Or, equally likely, there's a response deadline somewhere in your client—where you figured "their API will never take more than 100s to respond", so even though the API is still chugging away at the 100s mark, your client cuts it off, drops the connection, and displays an error.

Either way, the literal problem at hand is still, simply, "things are going slower."

"Degraded performance" can help you predict whether you'll be one of the customers encountering failures, in a way that "partial outage" cannot. Were your particular querying workloads to the API fast before? You'll probably be okay. Were they slow before? Then you might experience the further slowdown as an outage.

If you want to design for fault-tolerance of this case, it's important to know how APIs you talk to deal with long-running workloads. Do they have timeouts? Are they customizable? Are they different per plan level? These are things the API's documentation should communicate.

Once you know these things—and you have metrics on how long requests to a given upstream API are taking to complete—you'll know exactly whether "degraded performance" will affect you or not, before actually getting customer reports.

jeremyjh · on Aug 10, 2021

When I push git commits it fails instantly each and every time. To me, that looks like an outage.

015a · on Aug 10, 2021

Its an outage for you. You do not have the information to assert that its an outage for everyone.

sombremesa · on Aug 10, 2021

An outage is an outage, not a performance issue.

A waitress can't keep telling a customer their food is coming when they've actually lost the order ticket and have no clue what was ordered anymore, just because other customers aren't having the same issue.

Well, I guess she can in this case, and other customers will happily come to her defense!

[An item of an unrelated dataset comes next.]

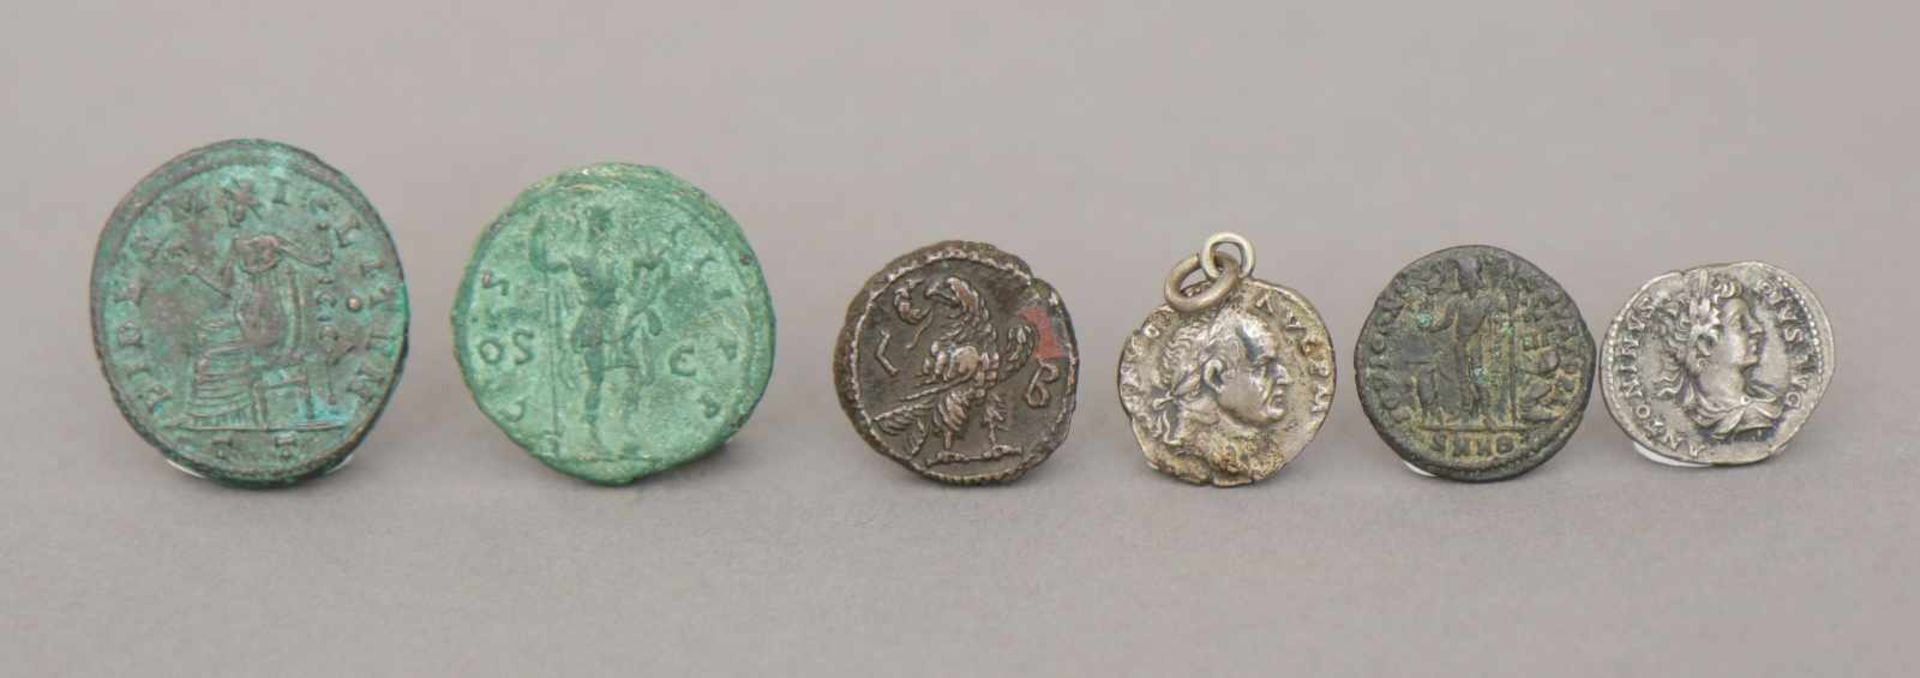 6 antike Münzen (römisch und griechisch)u.a. Hadrianus Augustus (ca. 120 n. Chr.), Maxiamus

scottlamb · on Aug 10, 2021

One thing about large systems, even ones that are quite reliable overall, is that if they reported an outage whenever a single customer saw a problem, their dashboards would literally never be green. That'd be true in some sense but not very useful.

A teammate once made a "problem" light for Gmail as a joke and coded it to be lit when there were any alerts firing at any severity in the internal monitoring system. I think most people would say that Gmail is pretty reliable, but if the bulb ever went out, you could safely assume there was a problem with the bulb or the monitoring system.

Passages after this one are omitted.